Work required: Please give back the lines from the line containing "Craft Брюки мужские" through the end of the listing below, exactly as written and without pictures.

Given material:

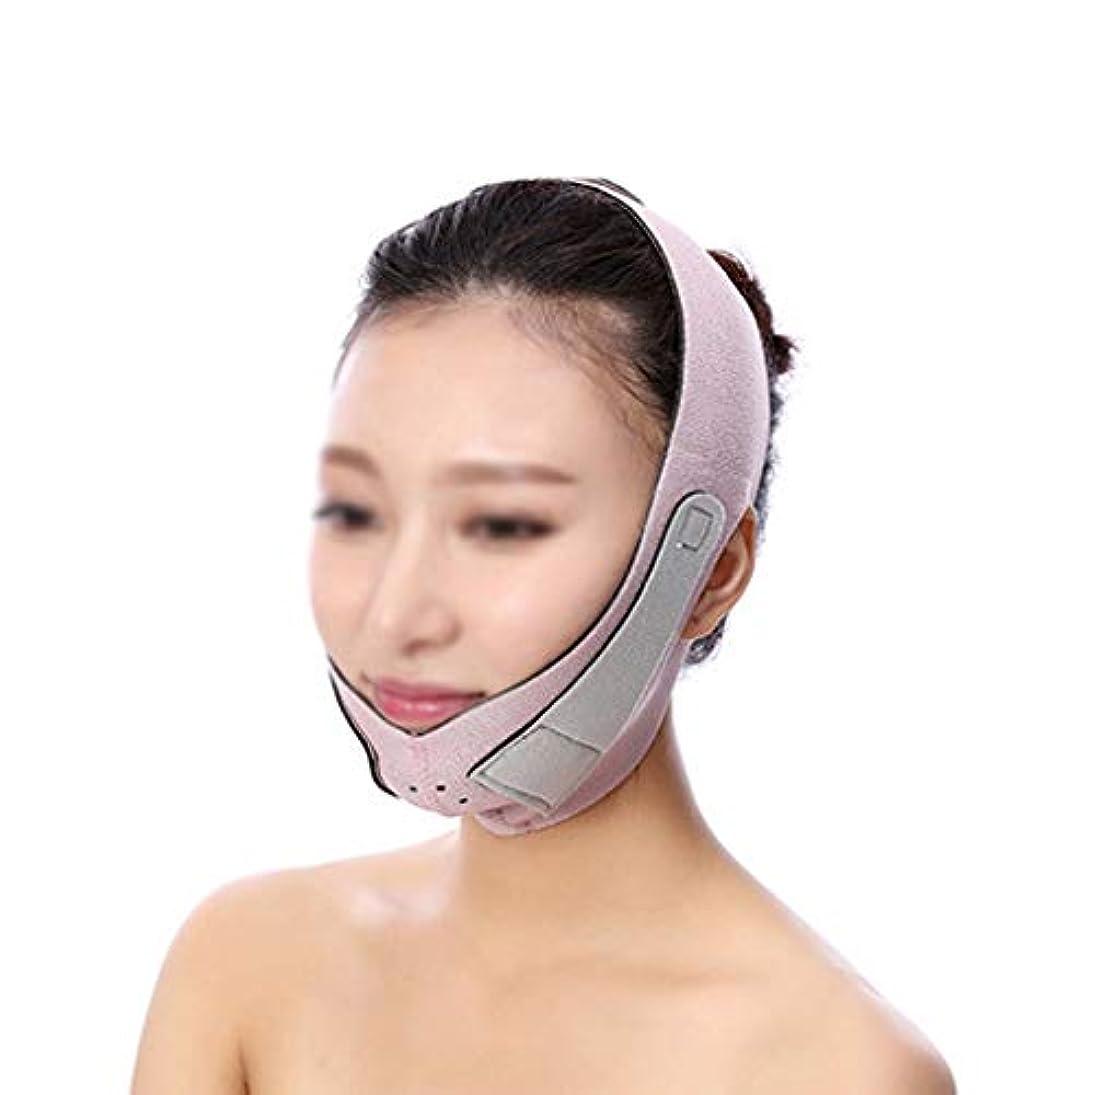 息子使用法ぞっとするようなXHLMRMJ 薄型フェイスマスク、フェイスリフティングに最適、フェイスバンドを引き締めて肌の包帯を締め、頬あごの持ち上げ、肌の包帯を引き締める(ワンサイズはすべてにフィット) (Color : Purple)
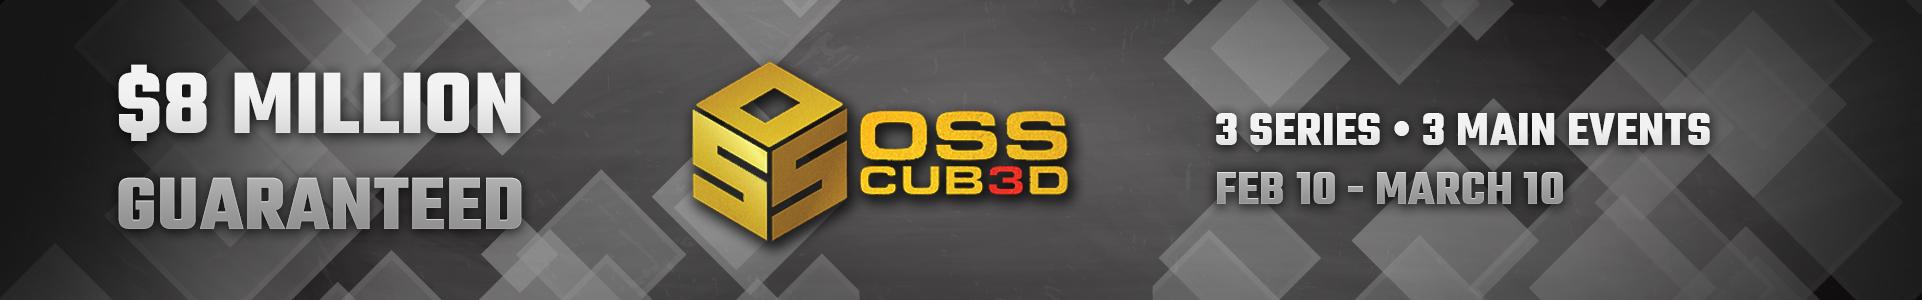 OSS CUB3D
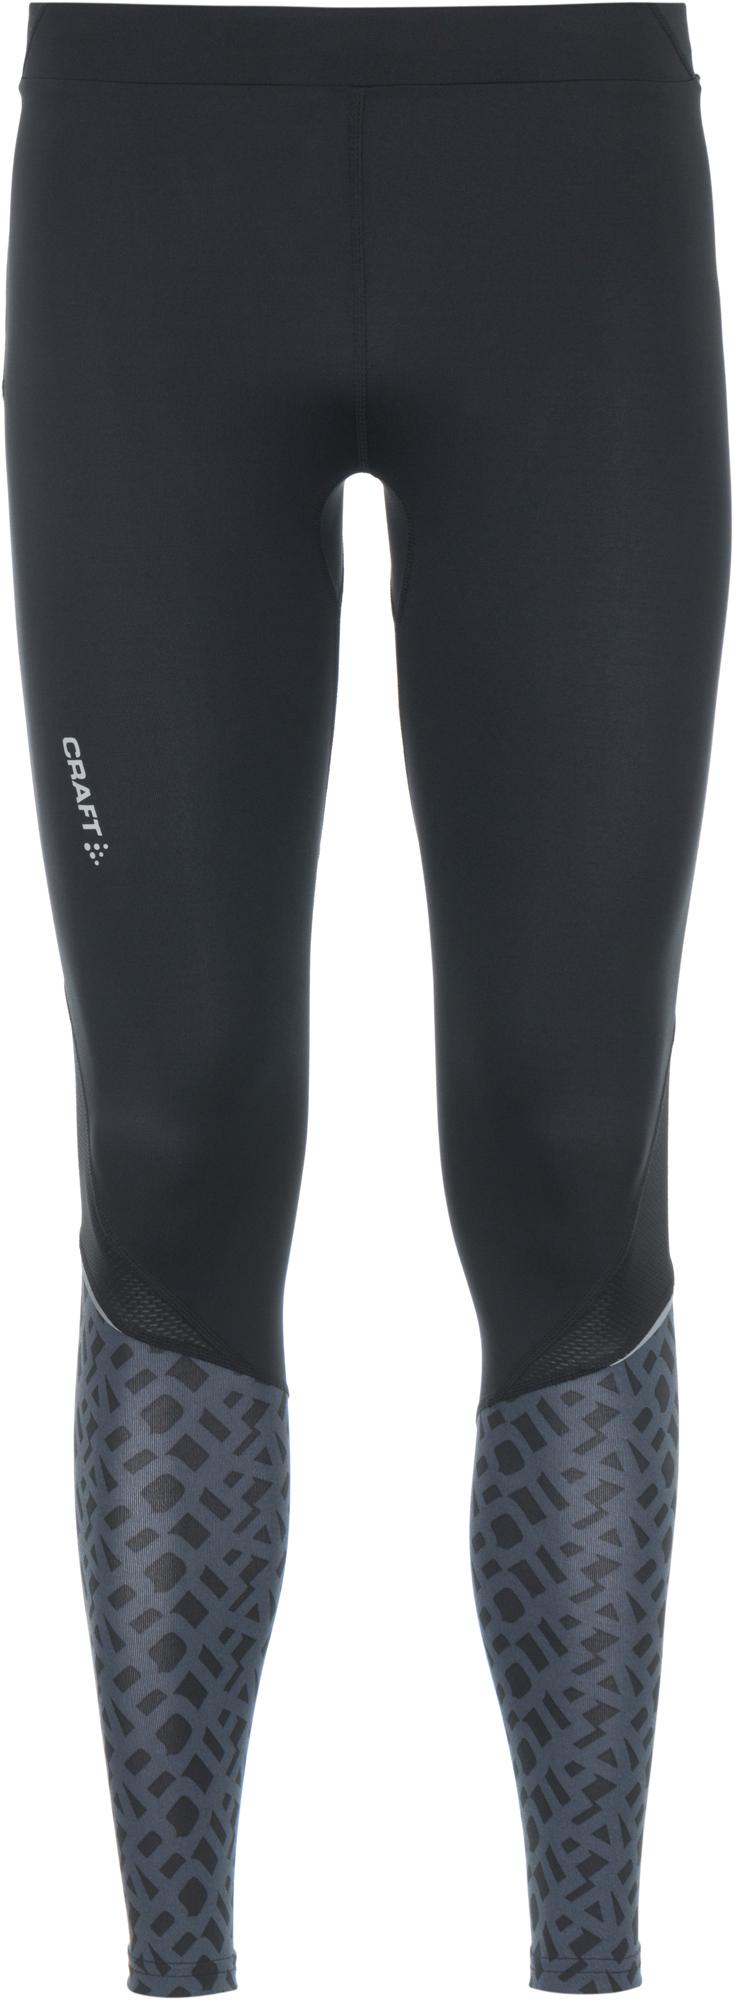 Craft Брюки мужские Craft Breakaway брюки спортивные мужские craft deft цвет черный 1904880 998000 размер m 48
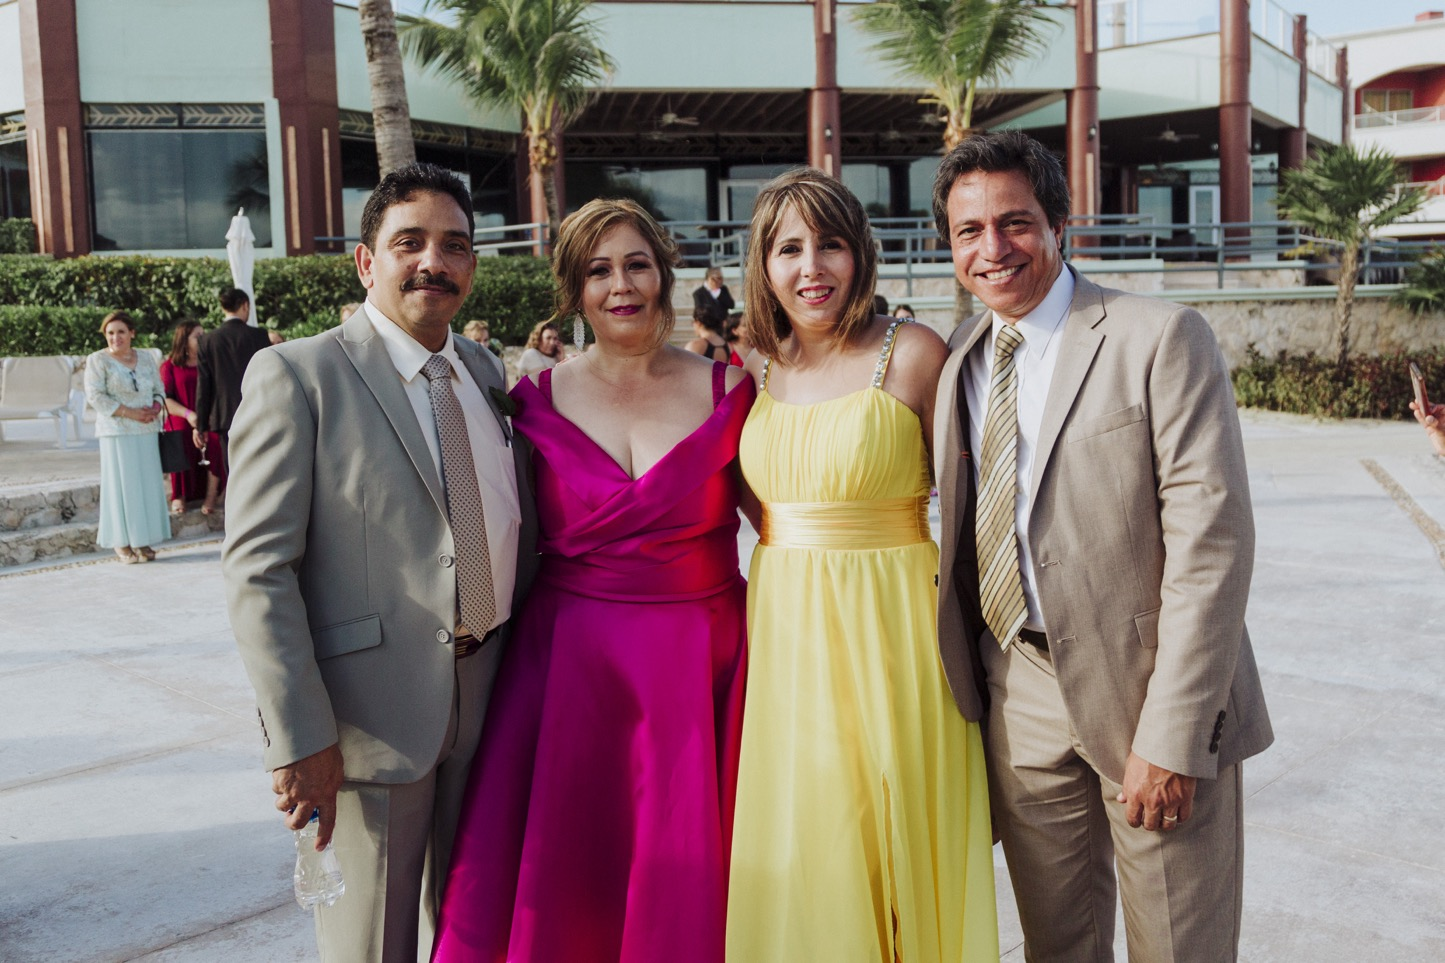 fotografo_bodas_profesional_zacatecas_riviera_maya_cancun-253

Written reply:
 Craft Брюки мужские Craft Breakaway брюки спортивные мужские craft deft цвет черный 1904880 998000 размер m 48
 fotografo_bodas_profesional_zacatecas_riviera_maya_cancun-253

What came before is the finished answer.